Part of the problem may be culture. I've been in the New England states a number of times and always got the impression people were stricter with boundaries. I'm sure it also varies from country to country. Since a lot of these privacy invasions also happen when I'm in "boy mode" I get the impression that is just a problem with people in general. It primarily stems from "empty heads." When I come across people who live sophisticated lives who have at least some college education, regularly read books, have intelligent conversations, and keep their lives busy with hobbies, they simply have no interest in worrying about other people.
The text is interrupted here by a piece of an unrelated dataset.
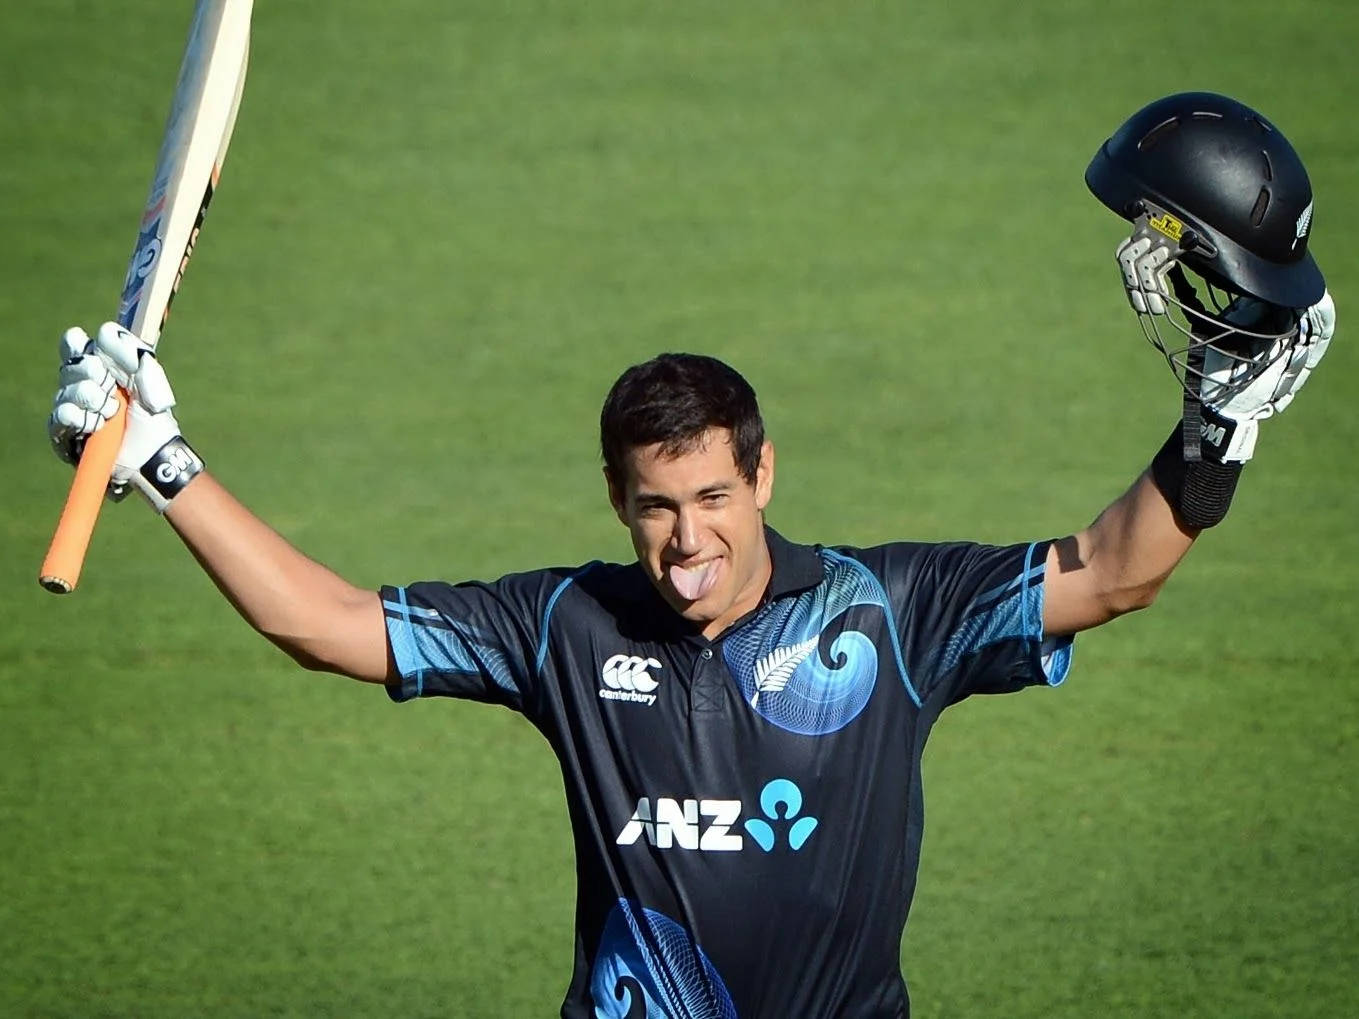 Tungaut Ross Taylor (as A Wallpaper Caption Or Title For An Image Of Ross Taylor Sticking His Tongue Out) Wallpaper
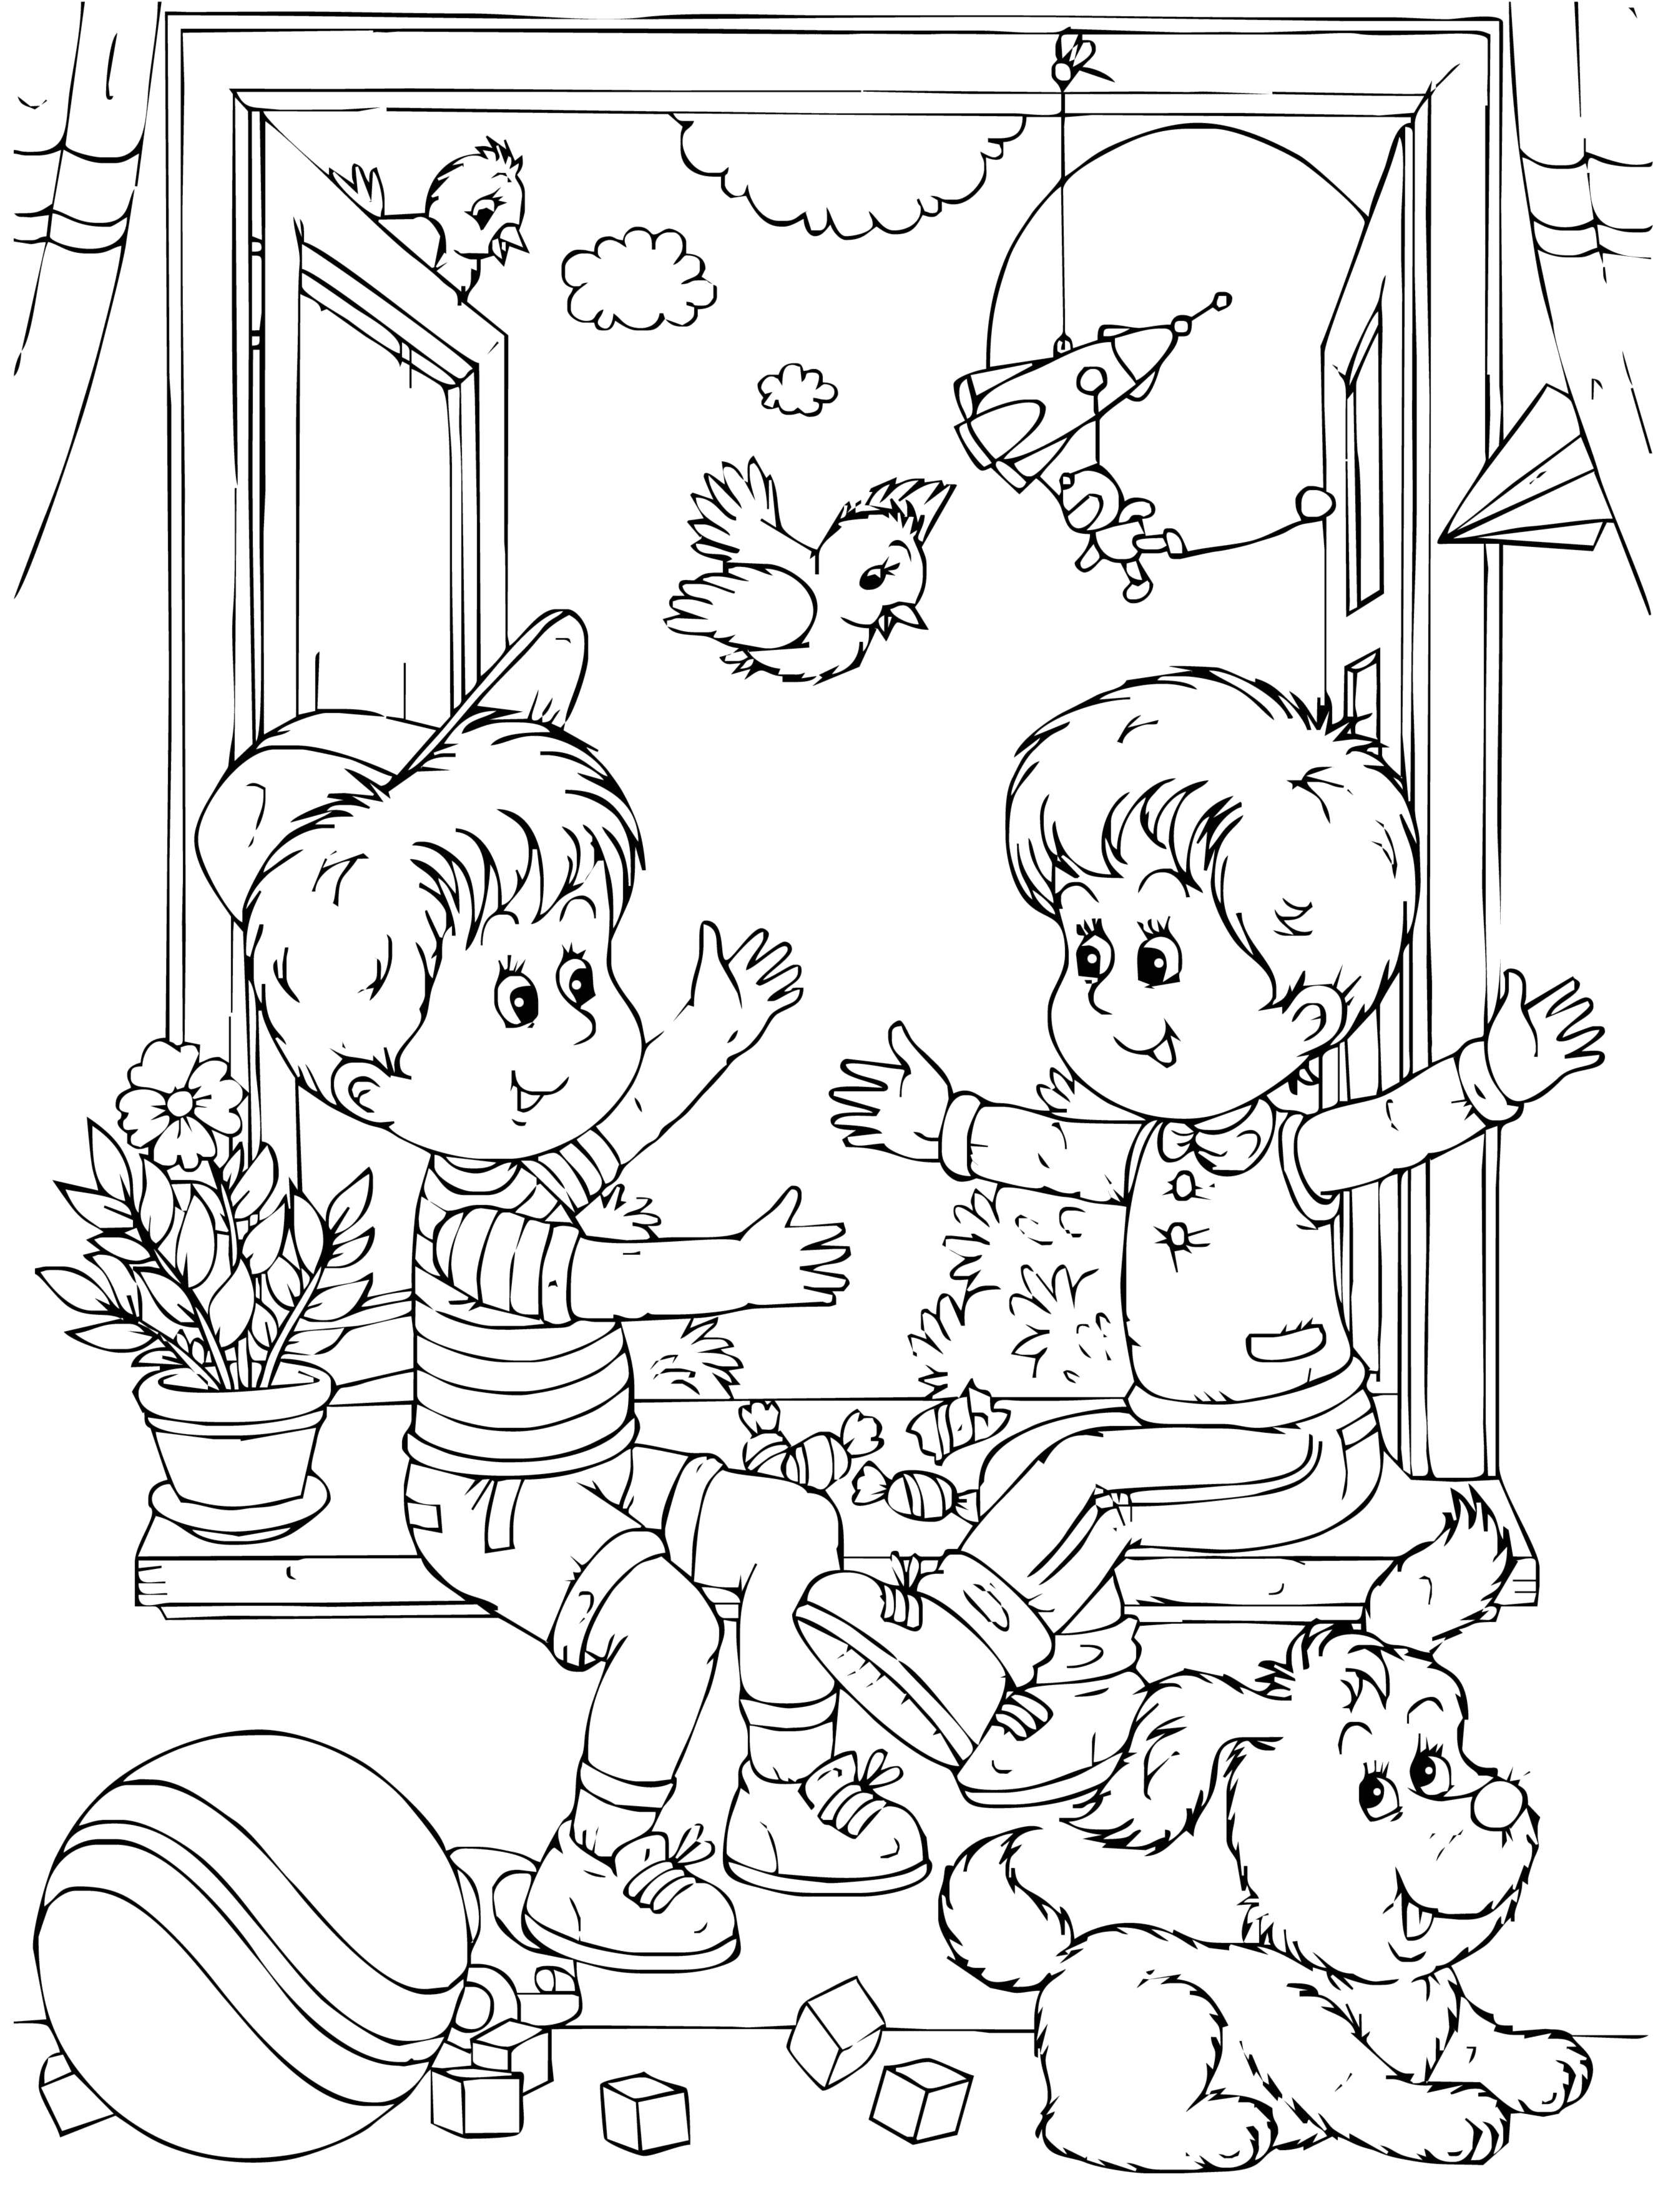 Coloring Friends guys. Category friendship. Tags:  Children, girl, boy.

It ususally stems from people who I get the impression have nothing going on. They probably don't work and are living off of government or inheritance and their free time is dominated by TV. Apparently, I'm the most interesting thing that has come along for such people.

I'm sure I'll handle it the best I can but it can be difficult. The biggest problem these people seem to have is basic manners. It is not necessarily what someone says but how they say it. Instead of a neighbor stating, "Where are you going?" when they don't even know me, they could phrase it like, "Excuse me. If you don't mind my asking, where are you headed to?" Both say the same thing but the former is pushy while the latter is polite. As some people say when giving a speech, it isn't necessarily so important what is being said but how it is delivered.

I have to agree with one comment here about the "gay scene." So many gay people I've come across believe that they automatically have the right to touch you, hug you, and even kiss you. I think touching, hugging, and kissing are great as well but only in appropriate places with people you know. This "let's be friends with everyone" mentality is one of those great social ideals but in reality it doesn't work. Why would anyone want to be friends with everyone?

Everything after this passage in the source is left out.